As avaliações de fim de ano sempre me fazem observar melhor os alunos, porque as salas ficam mais vazias, em função dos que já foram aprovados. Assim, percebo sinais, diferenças, gestos e comportamentos, que só nessa época ficam perceptíveis, talvez porque meus alunos se encontrem vulneráveis, amendrontados pelo pavor de uma possível reprovação. 

O olhar no outro não significa penetrar em sua alma, porém aprender a olhar é algo tão sublime, quanto difícil, pois requer desprendimento, para que possamos ver, no outro, aquilo que tornamos oculto em nós, por criarmos uma cerca que nos protege, mas que, ao mesmo tempo, afasta-nos, limitando nosso entendimento em relação não só à fragilidade alheia, mas também à nossa. 

Olhando e observando pessoas, podemos sentir o quanto de nós existe no outro. E quando nele percebemos nossas falhas, inúmeras vezes as apontamos como se fossem, sem dúvida, algo que abominamos, que nos tira do sério ou que jamais tenhamos praticado. De outra forma, ver-se no outro é tarefa que conduz a uma reflexão perigosa, se não estivermos preparados para mudanças. O que não gostamos no outro, não deveríamos apreciar em nós, porque é óbvio que, por sermos mais velhos, tornamo-nos modelos de alguém, seja ele nosso filho, amigo, cliente, vizinho, aluno ou até um mero desconhecido que nos observa e, sem nunca dizer nada, repreende nossas atitudes também com o mesmo olhar a que nem sempre estamos atentos.

Outro dia, dentro de um ônibus que me levava ao Centro, analisava cada um dos passageiros. Lógico que, além deles, também faziam parte da viagem vendedores de tudo o que se imagina. Atenta ao discurso decorado desses vendedores, observei suas estratégias, emoções, comportamentos, abordagens e olhares. Parece incrível como aprendemos com o outro, quando nos desarmamos e nos dispomos a aceitar limitações. 

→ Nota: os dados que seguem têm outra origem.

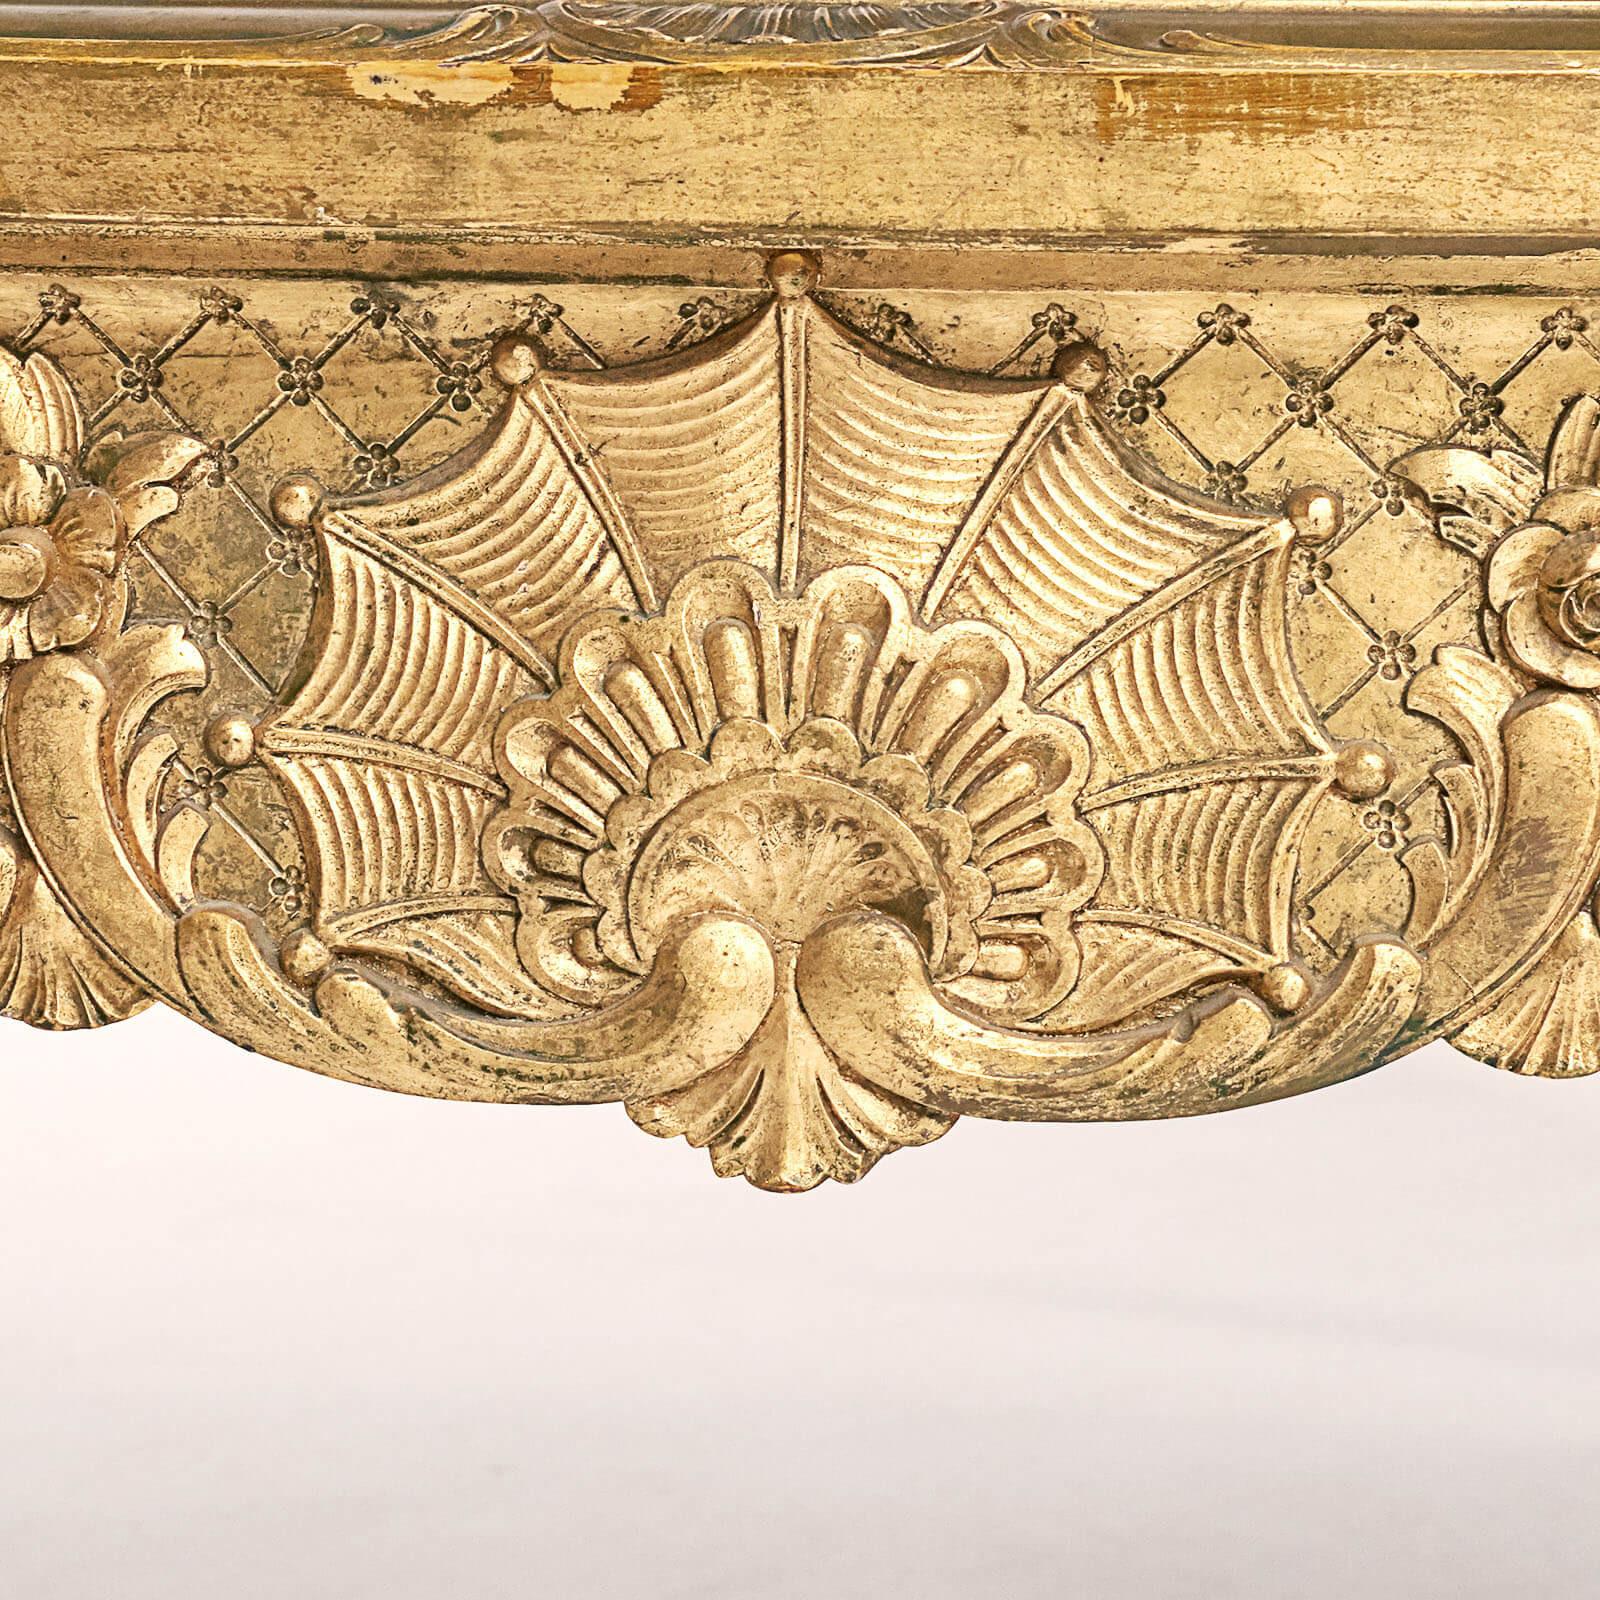 Rococo Royal Lounge Table from Fredensborg Palace

Além disso, quando nos deparamos com alguém doente, fragilizado por uma enfermidade sem cura, percebemos que jamais lhe demos a mínima oportunidade, julgando-o de forma rude, profunda e arrogante. E o olhar de alguém enfermo diz tanto, que não são necessárias palavras para expressar dor, medo, despedida e, em muitos casos, arrependimento, mesmo parecendo tarde demais. Deveríamos, pois, aprender a olhar de forma mais complacente nosso próximo, antes que ele adoeça e se mostre tão frágil... 

Muitos carregam no olhar a doçura que nos falta para amenizarmos nossa vida. Mesmo em nossa profissão, quantos de nossos alunos nos olham com súplica e, por estarmos blindados, desprezamos a chance de aprender com eles, de mergulhar num ocenao de dores, anseios, dúvidas e alegrias, que resgatam um pouco da infância perdida dentro de nós. Olhar mais atenciosamente esses alunos seria como voltar aos bancos escolares, em busca também de um olhar, que talvez jamais tenha acontecido. 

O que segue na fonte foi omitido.